I wish to call attention to the fact that last May, six months go, I wrote to the members of the House of Representatives and the Senate, calling attention to Senator Ashurst’s bill, which he introduced in the Senate, providing for the establishment of a Federal armor plant.

Advice to the Hon. Bob Crain: Beware of squatters! Let the Hon. Mr. Harry but pipe a tune, and the Honorary Pallbearers let go the silver handles and dance like mad. Ask that other Crane, the Hon. Charles T.

The Federated Charities of Baltimore closed the year ended October 31 with a deficit of $3,938.20. This deficit was incurred in doing useful and construcdtive work–not merely in doling out soup to the poor, but in helping them to their feet and making them self-supporting. Why not wipe part of it out with the money collected for the absurd Christmas tree celebration? In brief, why not pay for our charitable shirts and underwear before burying phony jewelry?
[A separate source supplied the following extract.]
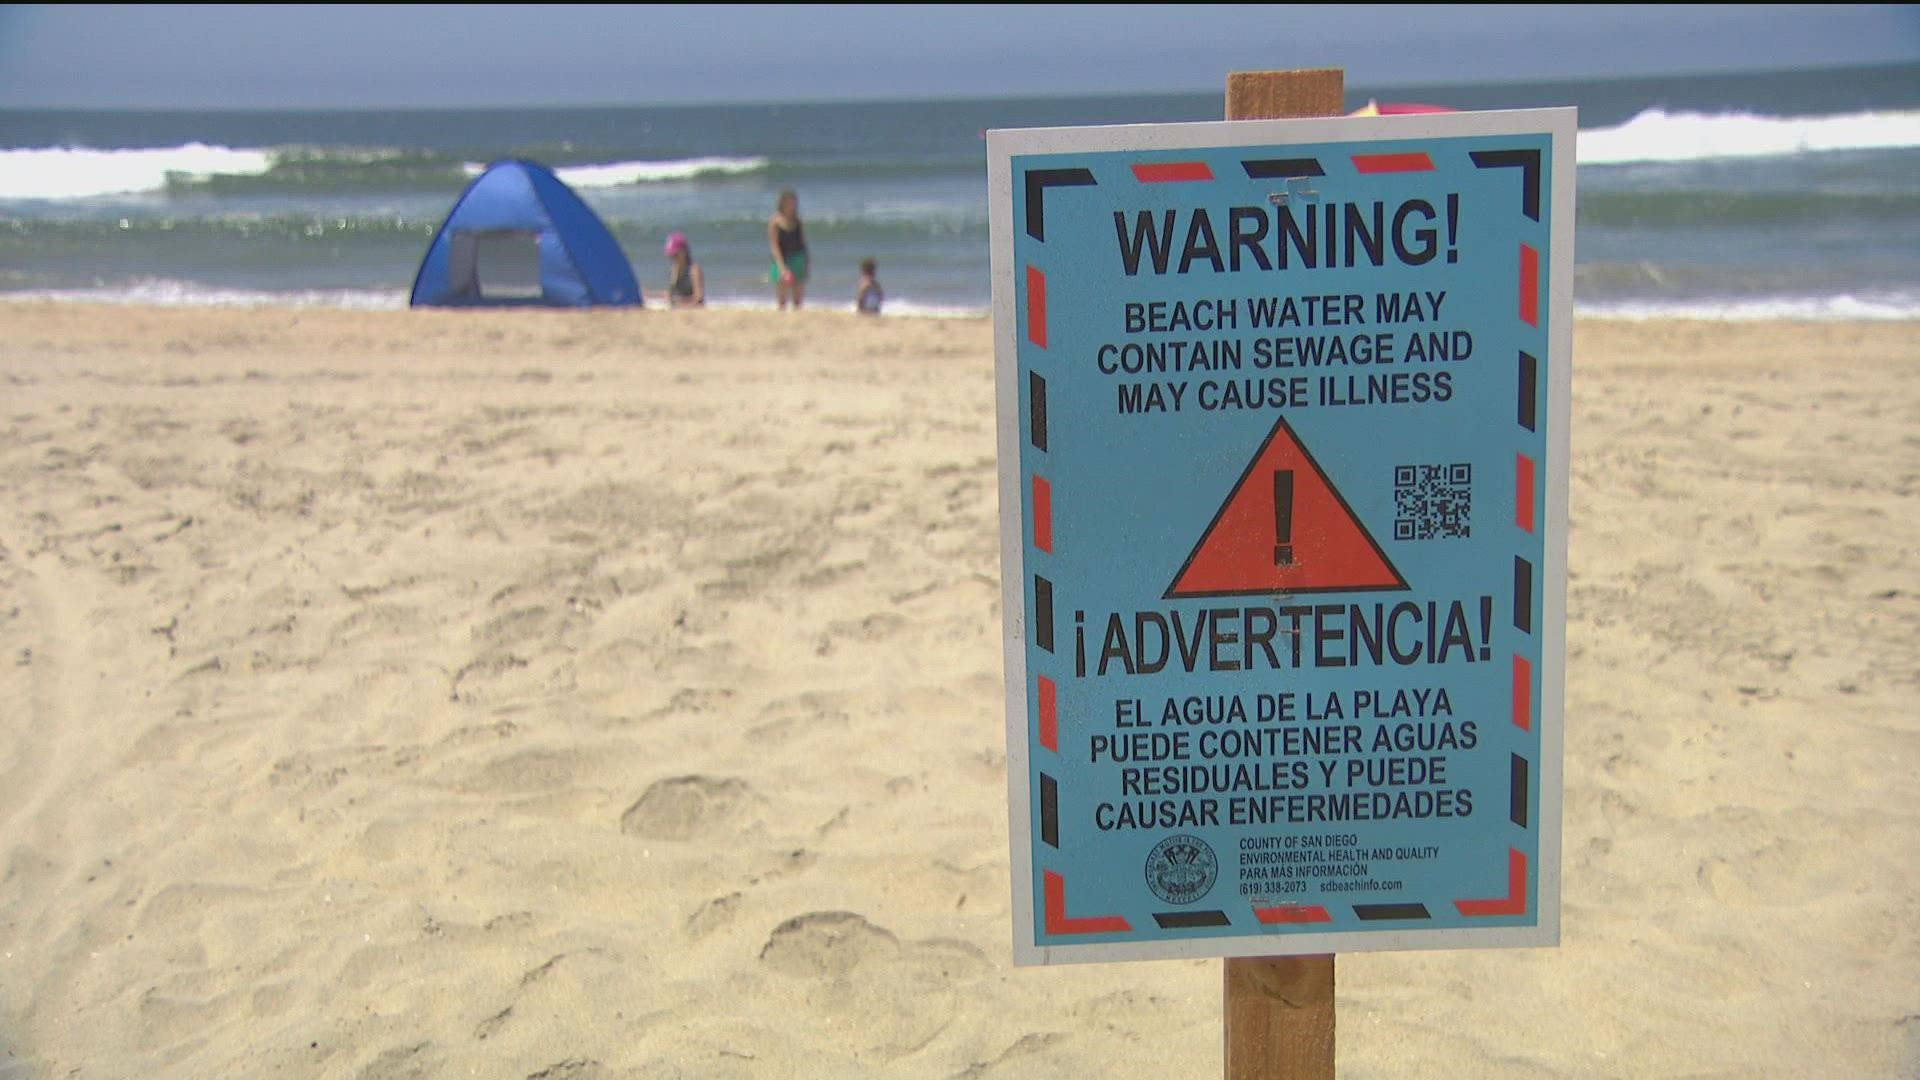 A reported 49 million gallons of sewage pushed north by a new south swell

The Hon. Charles J. Bonaparte, LL. D., on a late unpleasantness:

A discreditable report by a discredited grand jury.

Discredited by whom? By the Hon. Mr. Bonaparte, no less! By the Hon. Mr. Bonaparte and his fellow bogus archangels! If the hon. gent. will bring forward one single citizen of Baltimore, not plainly denounced by that report, who has ever uttered a public word against it, I shall be glad to give him a five-cent cigar.

The following resolution, aimed at the Hon. William Jennings Bryan for his services to the Hon. Blair Lee, was railroaded through the annual convention of the Methodist Episcopal Temperance Society the other day by the Hon. William H. Anderson:

Resolved * * * that when officials of the State or national government participate in a State or national campaign the people have a right to expect them to take care that the candidates in whose behalf they intercede * * * shall not be out of harmony with the convictions of the people upon moral issues in that State.
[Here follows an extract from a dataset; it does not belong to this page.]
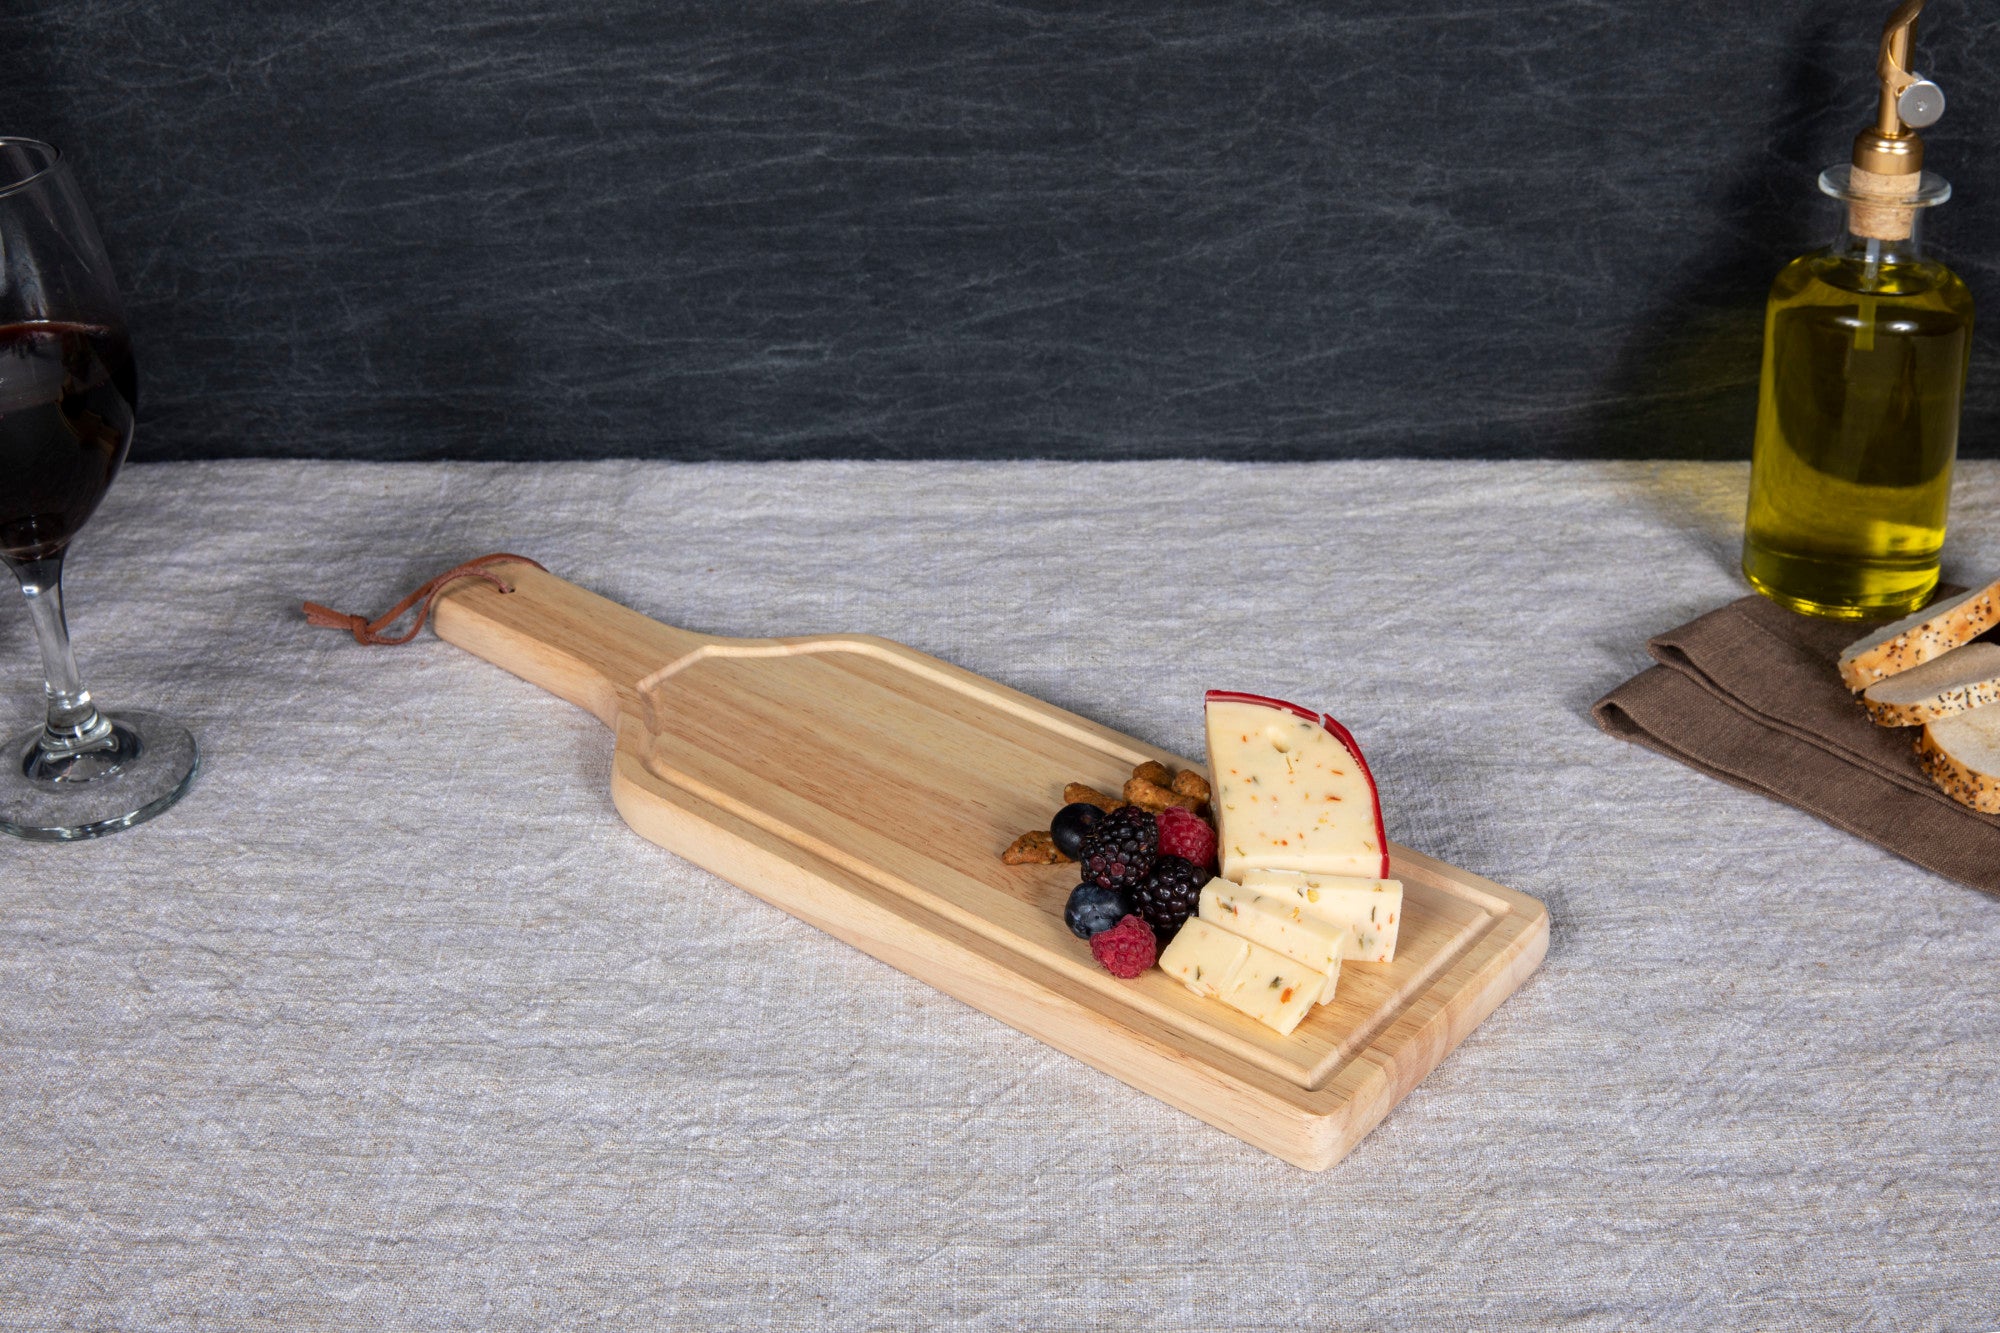 Texas Rangers - Botella Cheese Cutting Board & Serving Tray

Well, what is the complaint? Wasn’t the Hon. Blair Lee perfectly in “harmony with the convictions fo the people uypon moral issues”–i. e., upon the prohibition issue? Didn’t they decide, by an overwhelming majority, that the campaign of the Anti-Saloon League was a nuisance and its “moral” arguments bumcombe? And wasn’t that opinion just as clearly manifested in the county fights as in the fight over the Hon. Mr. Lee himself?
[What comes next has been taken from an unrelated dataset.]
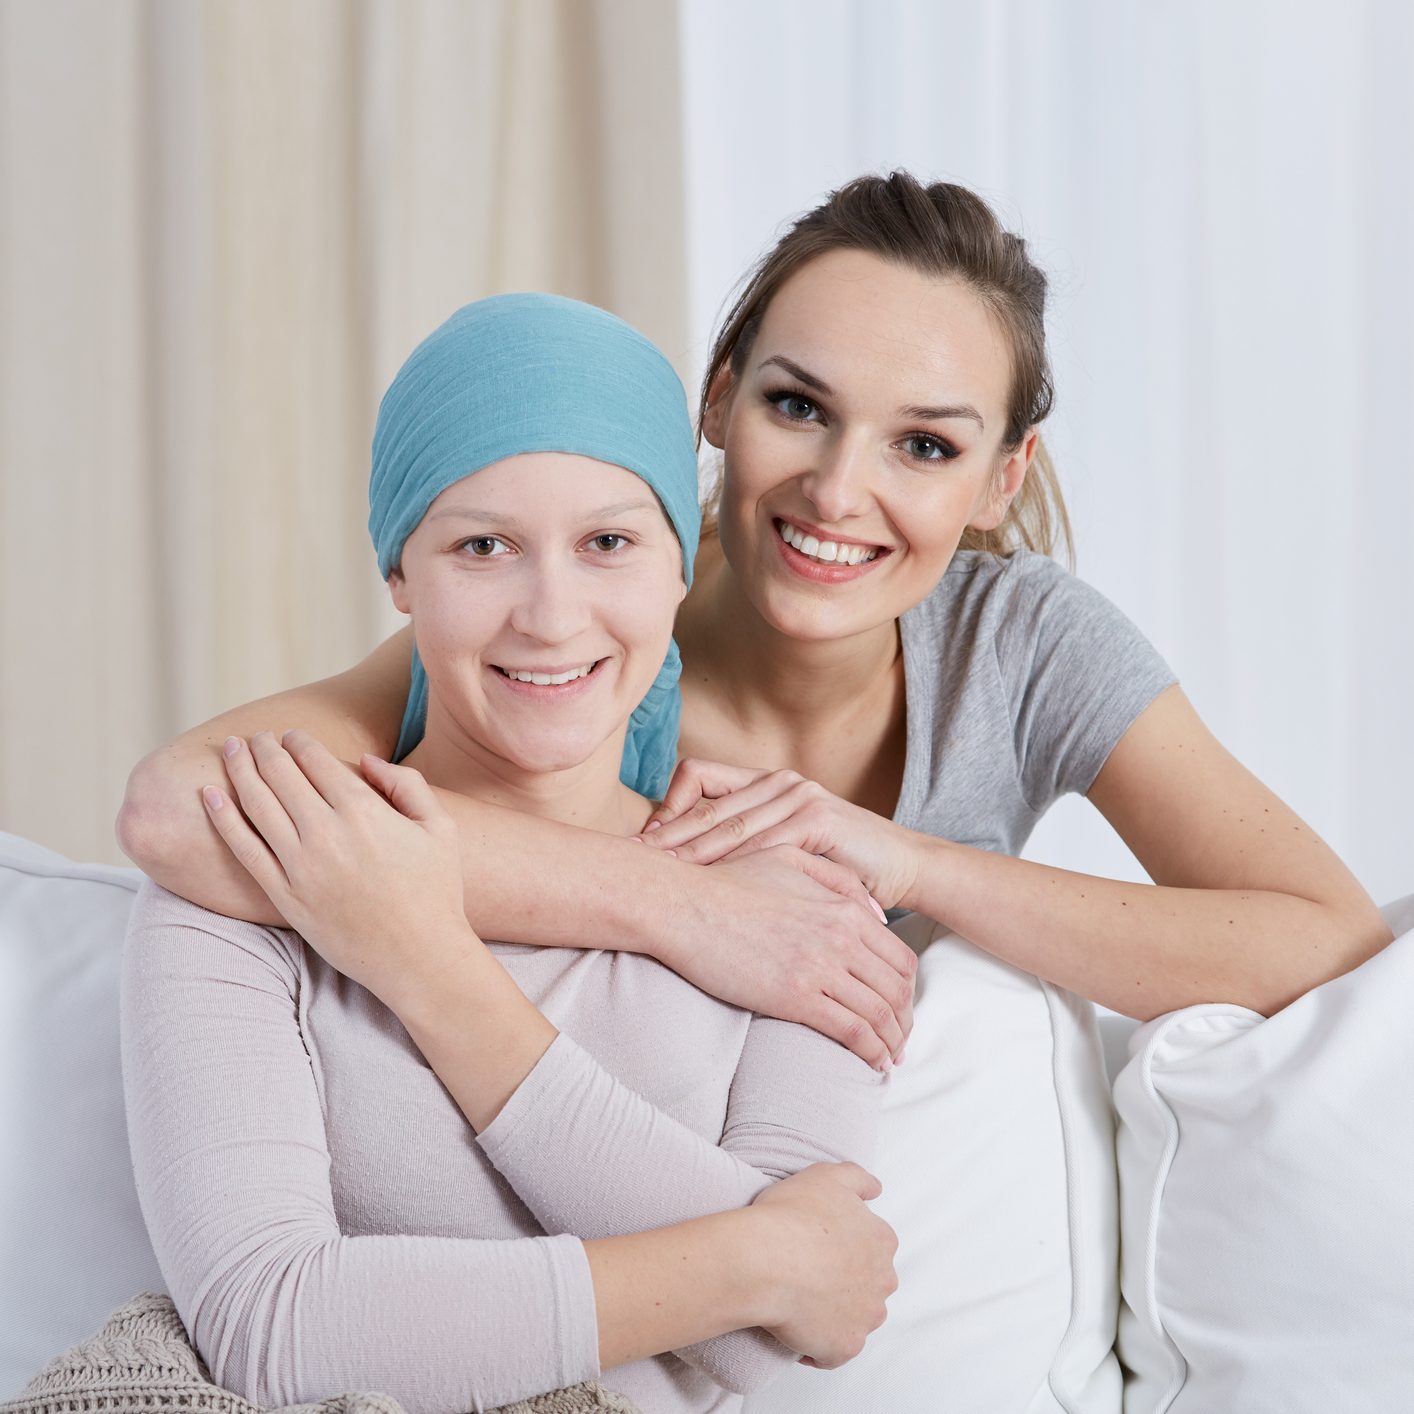 Smiling young woman hugging and supporting her ill sister

Certainly, the Hon. Mr. Anderson gets upon shaky ground when he begins to discuss the “convictions of the people.” The convictions of the people were expressed with embarrassing plainness at the late plebiscite. They put an end, once and for all time, to the doctrine that they take their theology from the Hon. Young Cochran and their ethics from the Hon. Mr. Anderson. They proved that they had a great deal more sense than the archangels ever suspected.

Wait for the annual super-bake of the Lord’s Day Alliance! The Hon. Joshua Levering will preside and the Hon. Dashing Harry will lead the “song service.” All the moral behemoths under one tent!

Meanwhile, the Salvarsan Fund has reached $2.82. If all goes well, there will be enough money in hand by January 1 to buy the first dose of salvarsan.–Adv.